_WORK REQUIRED_
The data below is to be written out exactly, with no pictures.

##### GIVEN MATERIAL

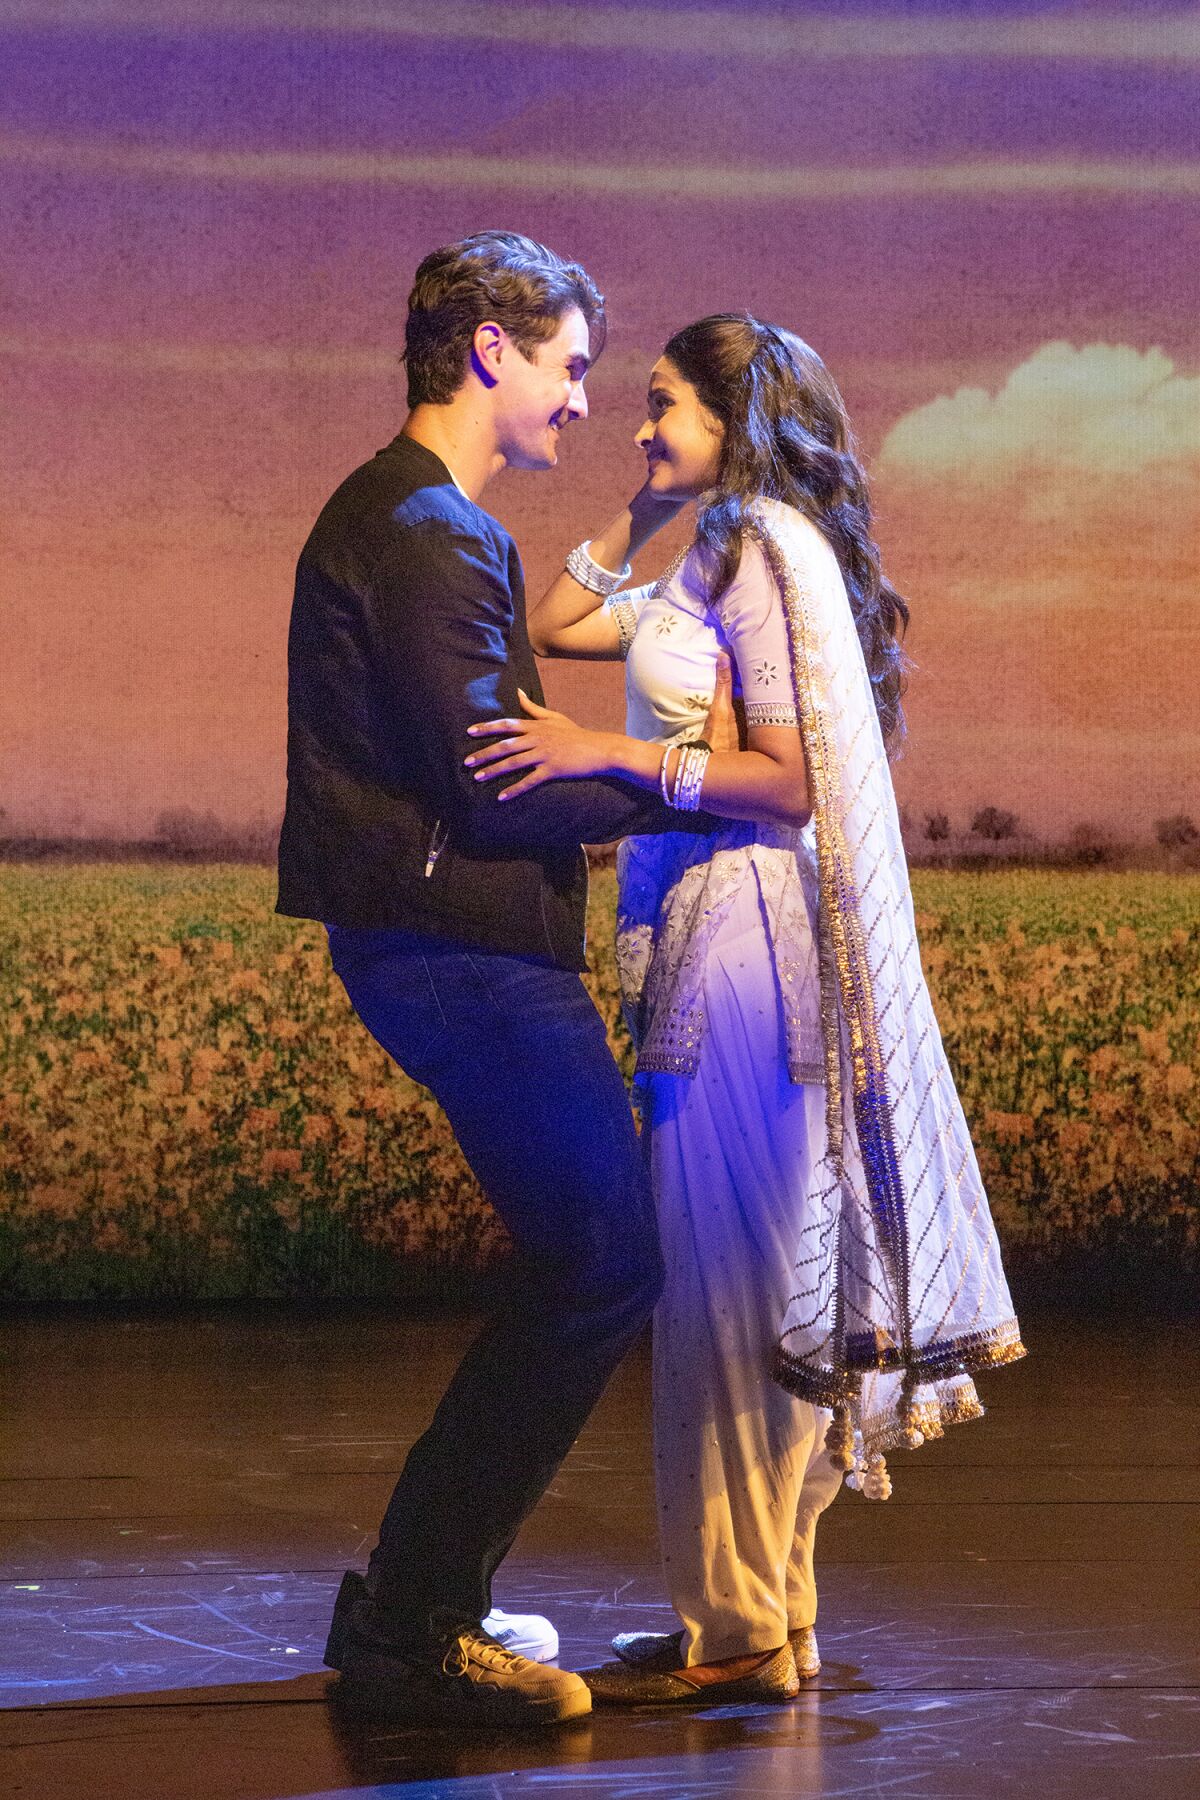 Austin Colby as Roger and Shoba Narayan as Simran in "Come Fall in Love – The DDLJ Musical" at the Old Globe.
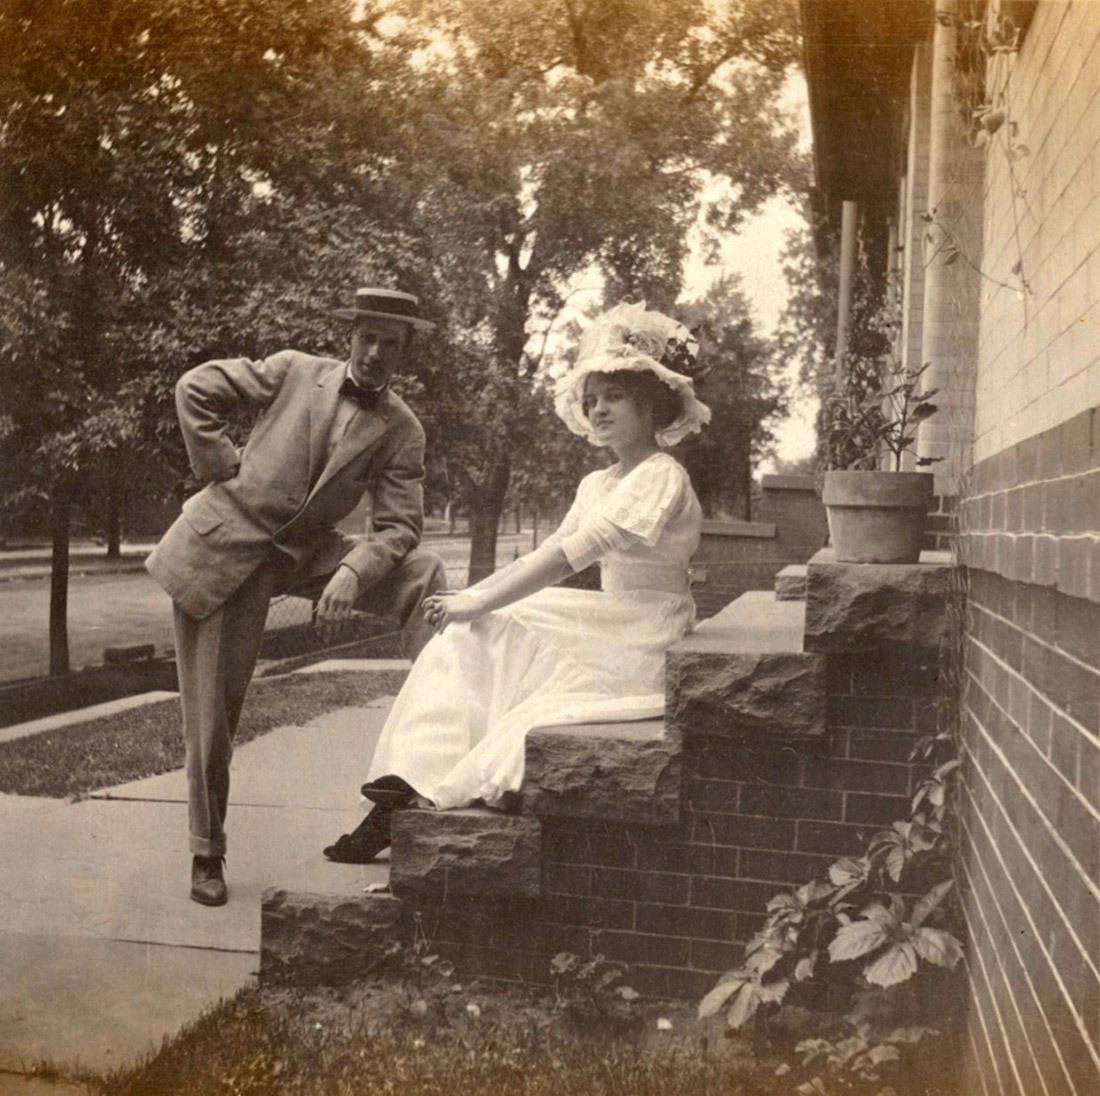 These are stylish cousins George Engel and Lea Penman in 1912 Denver CO. Lea went on to have a stage and screen career. She died in 1962.
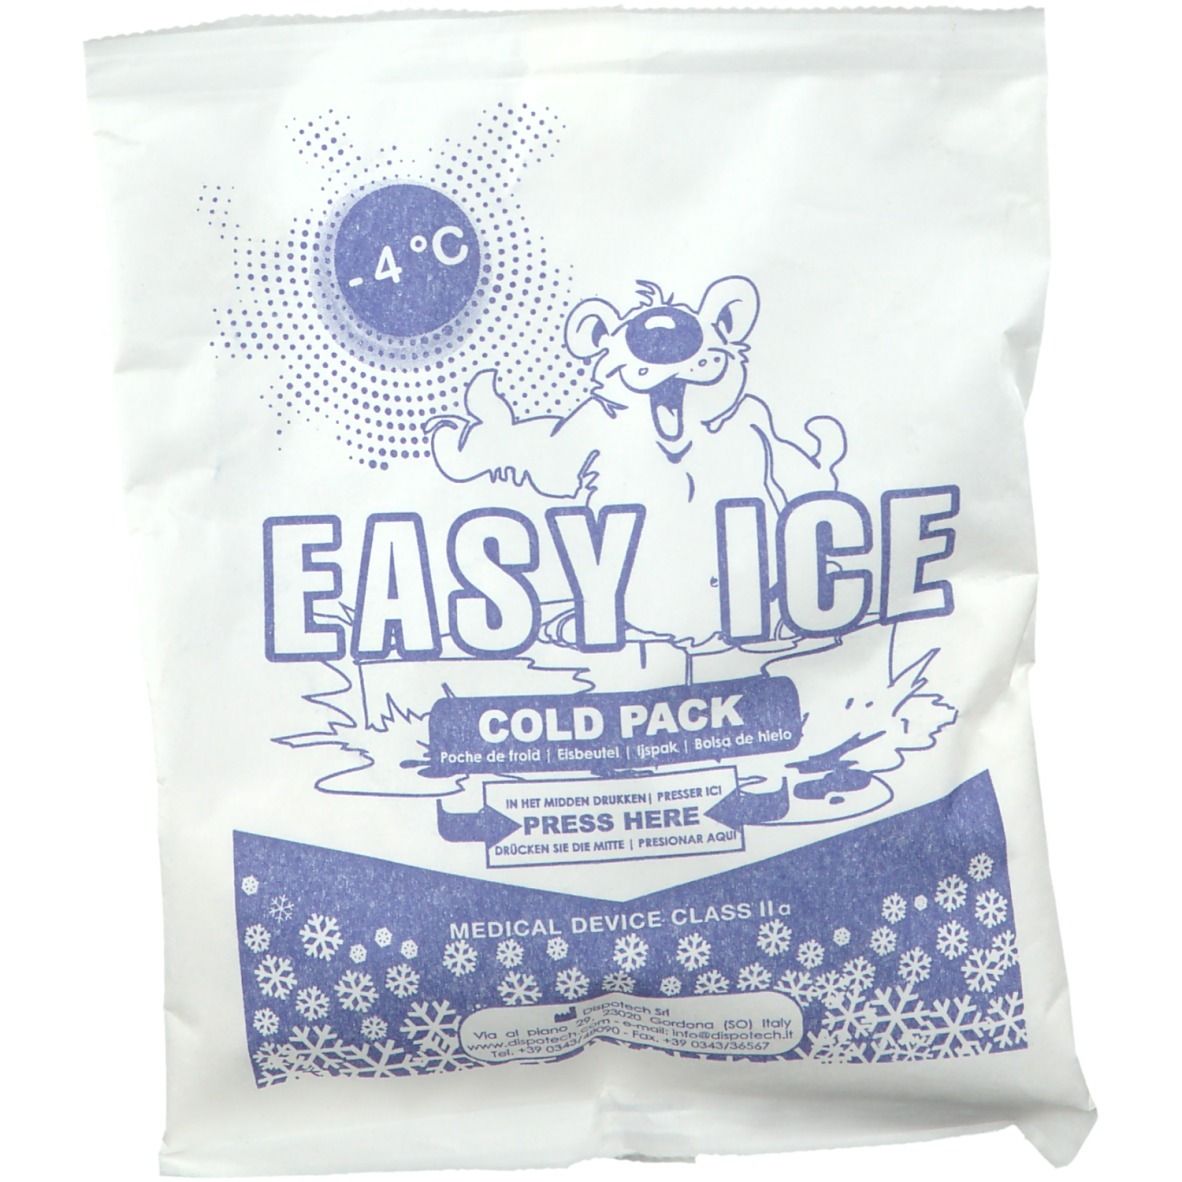 Easy Ice cold pack 19 x 14 cm

##########

_COMPLETED EXERCISE_
 Austin Colby as Roger and Shoba Narayan as Simran in "Come Fall in Love – The DDLJ Musical" at the Old Globe.
 These are stylish cousins George Engel and Lea Penman in 1912 Denver CO. Lea went on to have a stage and screen career. She died in 1962.
 Easy Ice cold pack 19 x 14 cm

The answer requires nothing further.